Lightning-fast bulk loading using native database tools and streaming.
BulkSurge provides high-performance data loading by leveraging database-specific
bulk loading mechanisms. It supports both direct streaming (zero temp files) and
external tool-based loading (bcp, SQL*Loader) depending on the database and method chosen.
Supported Databases
-------------------
* **PostgreSQL/Redshift**: COPY FROM STDIN (streaming, no temp files)
* **Oracle**: direct_path_load (streaming) or SQL*Loader (external tool)
* **MySQL/MariaDB**: LOAD DATA LOCAL INFILE via temp file (external only)
* **SQL Server**: bcp utility (external tool, requires named connection)
Loading Methods
---------------
* **direct** (default): Uses native Python drivers for streaming bulk loads
- Postgres: COPY protocol with background writer thread
- Oracle: direct_path_load API (requires python-oracledb 3.4+)
* **external**: Dumps CSV then loads via command-line tool or SQL command
- Oracle: SQL*Loader (sqlldr) with auto-generated control file
- MySQL/MariaDB: LOAD DATA LOCAL INFILE from temp CSV file
- SQL Server: bcp utility (only external method available)
Performance Notes
-----------------
- BulkSurge is memory-efficient: uses batching and streaming to handle large datasets
- Direct methods are typically faster and require no temp files
- External tools require credentials from config file (see connection_name)
- Tables with db_expr columns are incompatible (use DataSurge instead)
Parameters
----------
table : Table
Table instance with column definitions and cursor
batch_size : int, optional
Number of records per batch (default: 10,000)
pass_through : bool, optional
Skip transformation and validation, using source data directly (default: False).
**When to use:**
- Database-to-database copies with identical schemas
- Pre-transformed data from upstream pipelines (already validated)
- Cursor-to-cursor streaming (maximum throughput)
- Raw positional tuples pre-ordered for binding parameters
**What's skipped:** Field mapping, type coercion, default values, null value
handling, required field validation, and Table.set_values() overhead.
**Warning:** Do NOT use if records might have missing required fields, mismatched
field names, need type transformations, or data quality is uncertain. All database
constraints (primary keys, foreign keys) still apply.
Attributes
----------
total_read : int
Total rows read from source. 1-based (first row = 1). Includes
both loaded and skipped rows.
total_loaded : int
Total rows successfully loaded.
skipped : int
Total rows skipped due to missing required fields.
skip_details : dict
Skip tracking grouped by reason. Key is a frozenset of missing
required field names. Value is a dict with:
- ``count``: total rows skipped for this reason
- ``sample``: list of up to 20 1-based row numbers (for debugging)
Example::
{frozenset({'primary_name'}): {'count': 5, 'sample': [937887, 957847, ...]}}
dump_path : Path or None
Path of the last file written by dump().

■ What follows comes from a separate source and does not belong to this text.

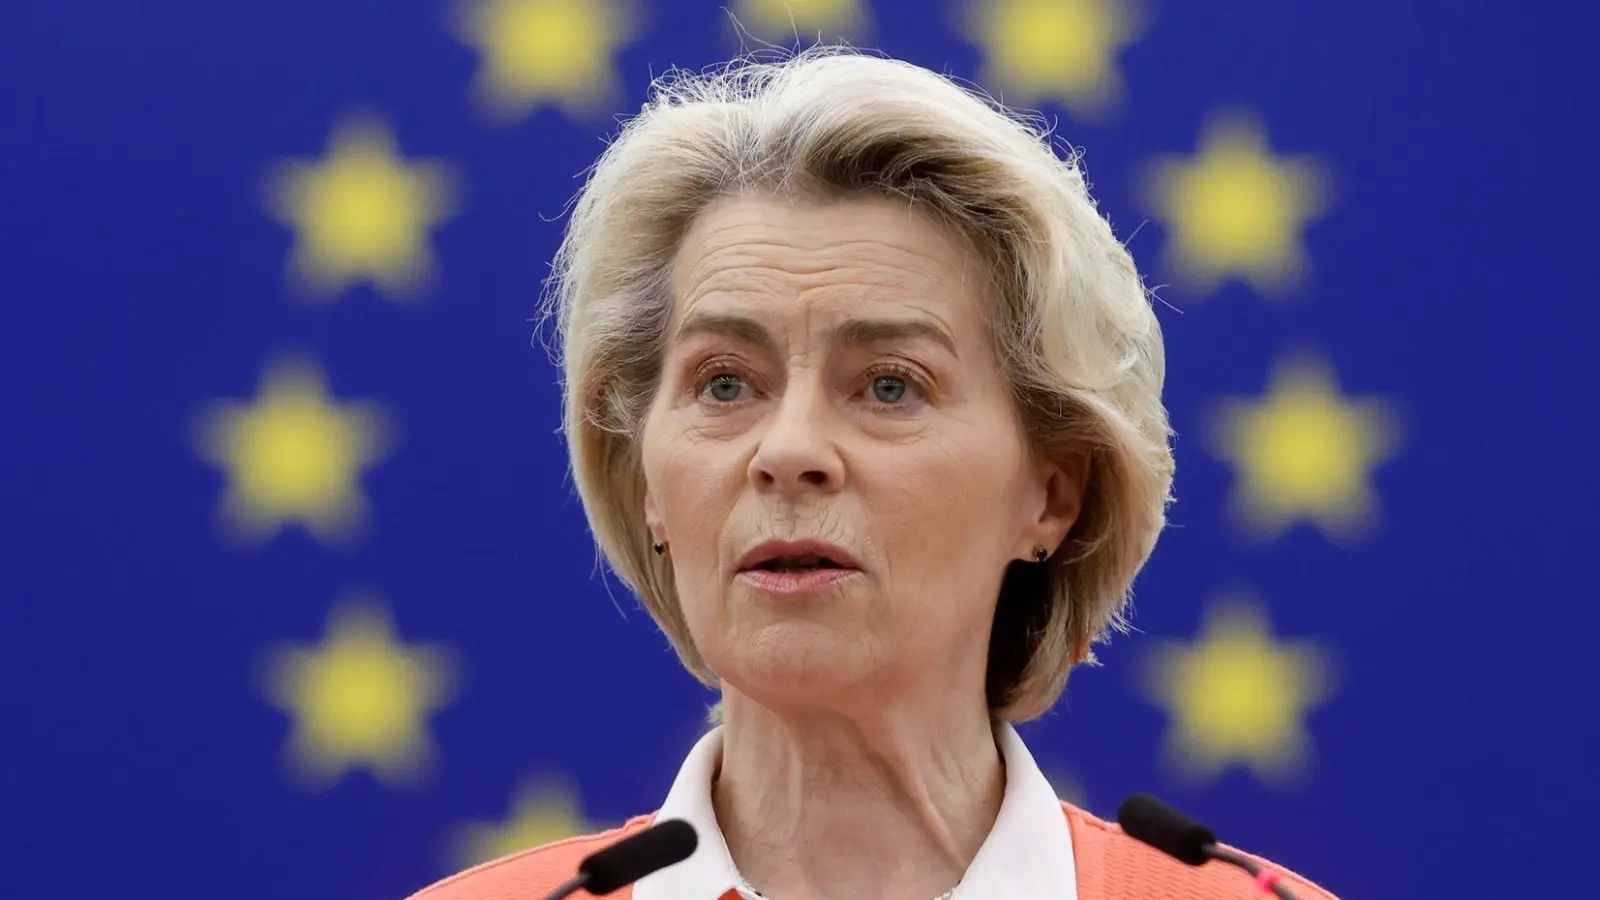 Die EU-Kommission will nach Angaben von Kommissionspräsidentin Ursula von der Leyen höhere Zölle auf russisches Getreide vorbereiten. (Foto: Jean-Francois Badias/AP/dpa)

Set after each dump() call.
Examples
--------
PostgreSQL streaming (zero temp files)::
with BulkSurge(table) as surge:
surge.load(reader) # Uses COPY FROM STDIN
Oracle with SQL*Loader::
surge = BulkSurge(table)
surge.load(reader, method='external') # Uses sqlldr
MySQL with custom dump location::
surge = BulkSurge(table)
surge.load(reader, method='external', dump_path='/data/staging')
SQL Server with bcp (requires config)::
db = dbtk.connect('prod_mssql') # Named connection required
surge = BulkSurge(table)
surge.load(reader) # Uses bcp
Fast database-to-database copy (matching schemas)::
# Source and destination schemas match exactly
surge = BulkSurge(dest_table, pass_through=True)
surge.load(source_cursor.fetchall())
Pre-transformed data (already validated)::
# Data already transformed and validated by upstream process
surge = BulkSurge(table, pass_through=True)
surge.load(validated_records)
See Also
--------
DataSurge : Standard bulk operations using executemany
Table : Table definition and schema management
"""
[docs]
def __init__(self, table, batch_size: int = 10_000, pass_through: bool = False):
super().__init__(table, batch_size=batch_size, pass_through=pass_through)
# Make sure Table had built out insert query and parameter info
self.operation = 'insert'
self.table.get_sql('insert')
# Make sure Table columns are compatible with bulk processing
self._valid_for_bulk()
self.dump_path = None
self.control_path = None
def _valid_for_bulk(self):
""" Determine if table is compatible with bulk loading. """
expr_cols = self.table.db_expr_cols()
if expr_cols:
cols = ','.join(expr_cols)
msg = f"Columns with `db_expr` are incompatible with BulkSurge. Use DataSurge instead. cols: {cols}"
logger.exception(msg)
raise RuntimeError(msg)
def _get_connection_config(self):
if not self.cursor.connection.connection_name:
raise RuntimeError('BCP needs credentials. Please set up a named connection in the config file.')
cm = dbtk.config.ConfigManager()
config = cm.get_connection_config(self.cursor.connection.connection_name)
return config
[docs]
def load(self, records: Iterable[Record],
method: str = 'direct',
dump_path: Optional[Union[str, Path]] = None) -> int:
"""
Bulk load records using database-specific mechanisms.
Automatically selects the appropriate loading strategy based on database type
and method parameter. Direct methods use streaming with zero temp files when
possible. External methods use command-line tools and require a named connection.
Parameters
----------
records : Iterable[Record]
Iterator of Record objects to load
method : str, optional
Loading method to use (default: 'direct')
- 'direct': Stream data using native drivers (Postgres COPY, Oracle direct_path_load)
- 'external': Dump CSV then load (Oracle sqlldr, SQL Server bcp, MySQL LOAD DATA LOCAL INFILE)
dump_path : str or Path, optional
Path for temp CSV files (only used by external methods)
- If file path: use exactly as specified
- If directory: generate timestamped file in that directory
- If None: use settings['data_dump_dir'] or temp directory
Returns
-------
int
Number of records successfully loaded
Raises
------
RuntimeError
If external method requires credentials but connection_name is not set
NotImplementedError
If database type is not supported or required driver features unavailable
Notes
-----
**PostgreSQL/Redshift:**
- Only uses direct method (COPY FROM STDIN)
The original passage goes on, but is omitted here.